Cape Carysfort is a headland in the north east of East Falkland between Macbride Head and Volunteer Point.

== Geography ==
Loch Head Pond, which is 4.8 km long, is just behind the cape to the west. Water from Loch Head Pond enters the sea below Cape Carysfort into Cow Bay. Although Mullet are a marine fish, they have been found in Loch Head Pond.

== History ==
A shanty house was built at Cape Carysfort to cover the farming lease which extended to 6,000 acre.
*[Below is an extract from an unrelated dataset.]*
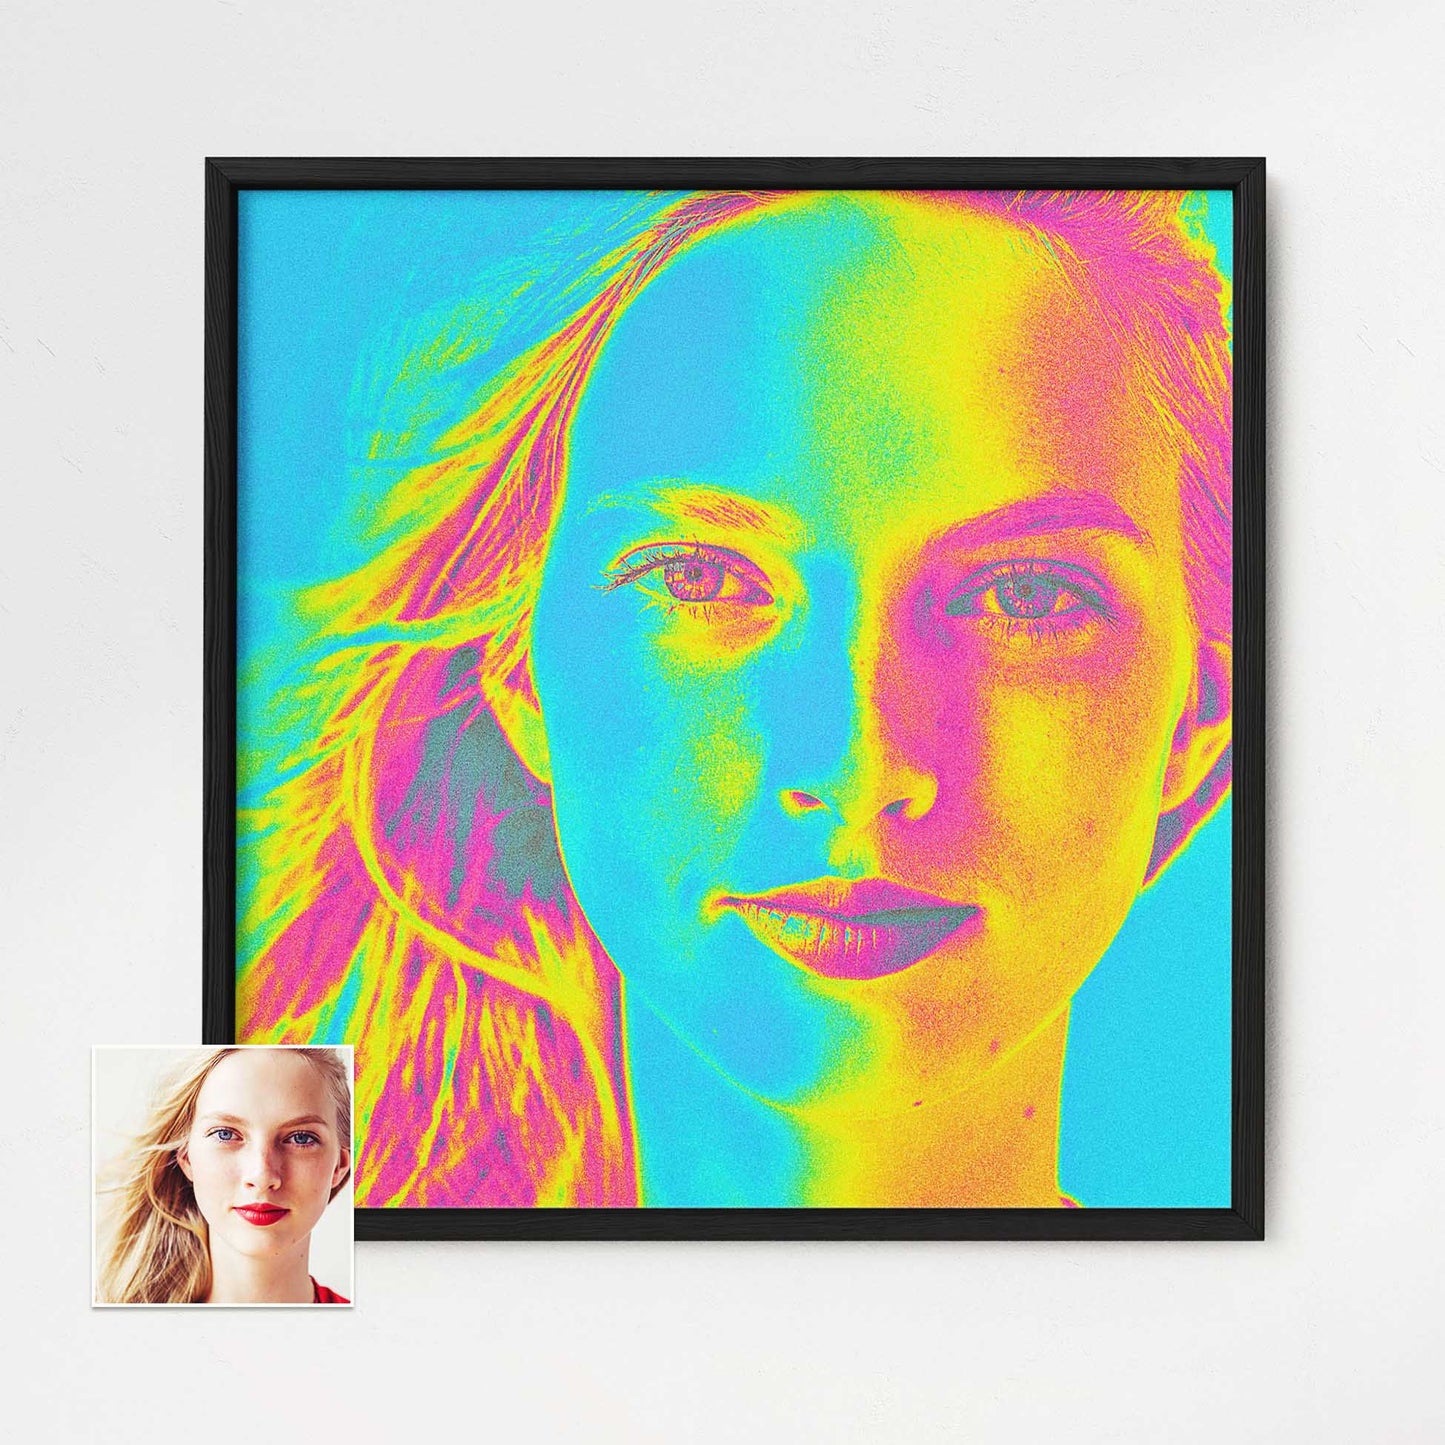 Personalised Acid Trip Framed Print is a stunning example of fine digital art. Its colorful and vivid design makes a bold statement, adding a vibrant and energetic touch to your home decor. Print from your photo

The house was later moved to the edge of Loch Head Pond, and it has since been vacated and has been donated to the museum at Port Stanley.

In 1921, Cape Carysfort was the site of the shipwreck of SS Guvernøren, a whale oil tanker which, under its former name SS Imo, had been involved in the massive 1917 explosion that caused severe damage to Halifax, Nova Scotia.
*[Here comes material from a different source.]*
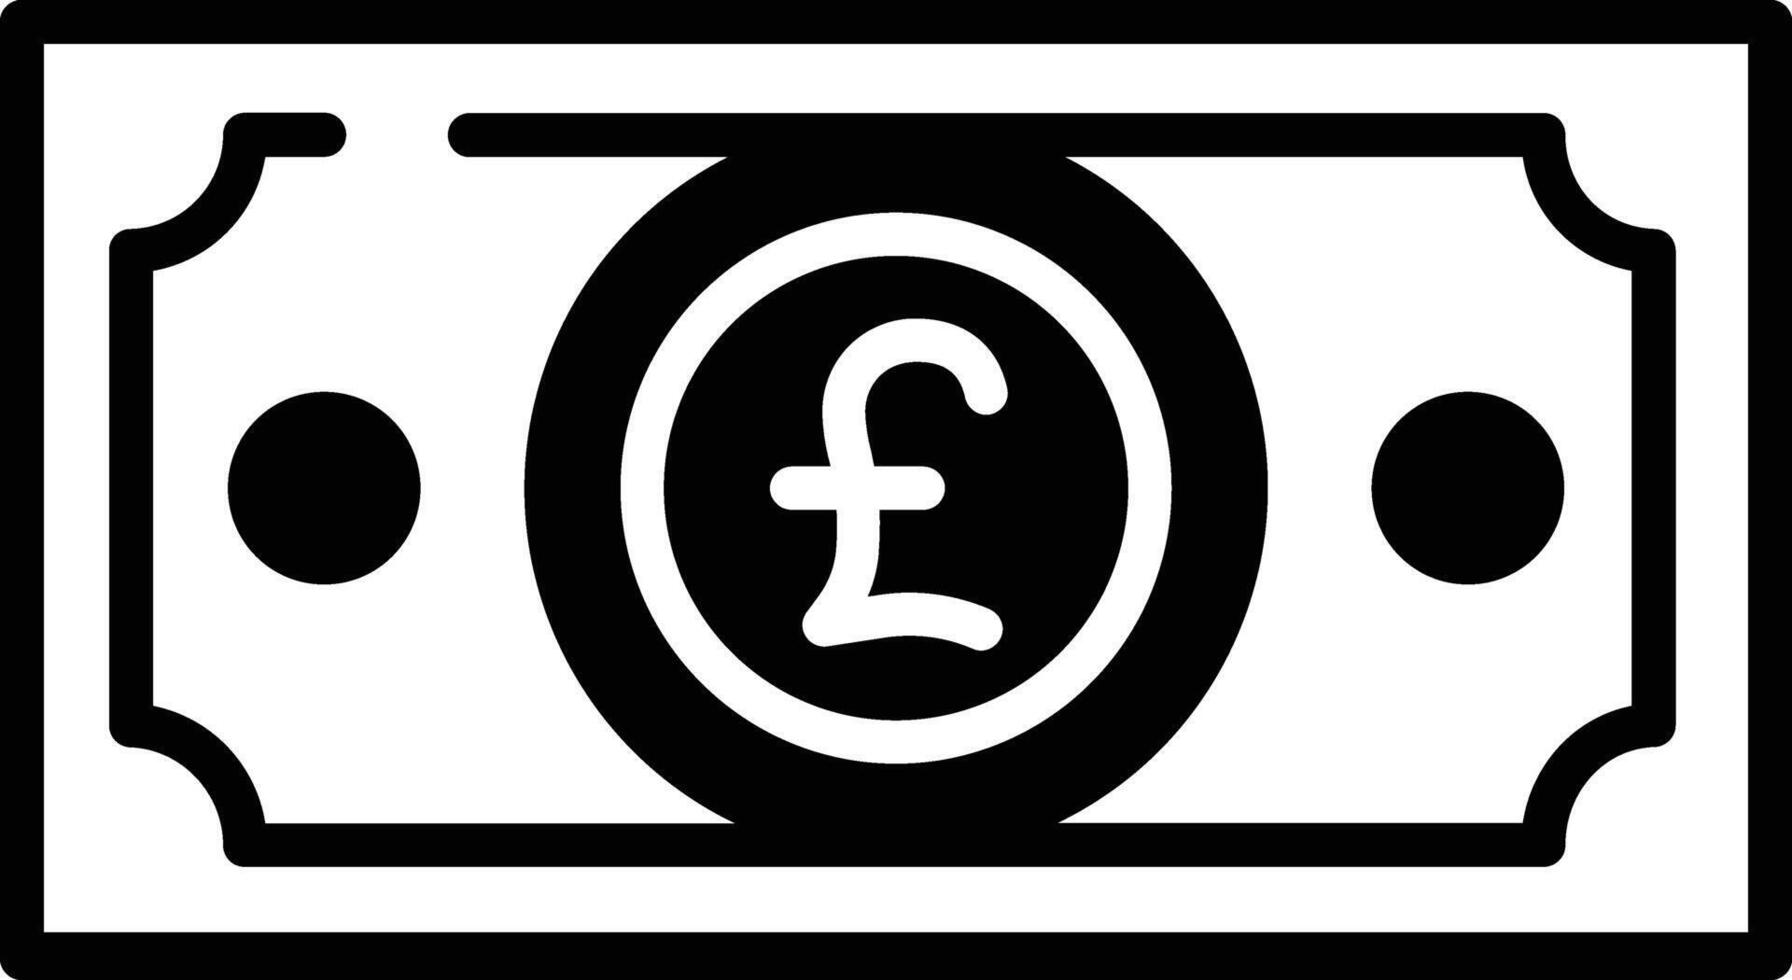 Pound glyph and line vector illustration

In August 1855, the British ship Carlton (or Carleton in some records) was carrying coal from Swansea to Panama when she was wrecked off Cape Carysfort. Her cargo was taken into Stanley by another ship and at least six of the crew from the Carlton then settled in the Falklands.

== Name ==
The Spanish name for the cape is Cabo Corrientes. The cape was named by John Byron in 1765 after one of the Lords of the Admiralty, Baron Carysford.

== Geology ==
Peat sampling in the 2020s, revealed tephra deposited by the Hudson Volcano eruption from as far back as 4200-3900 Before Present time. The sampling revealed that the peat at Cape Carysfort was 6 m deep before bedrock was discovered, the deepest peat that was found in the six sampling sites.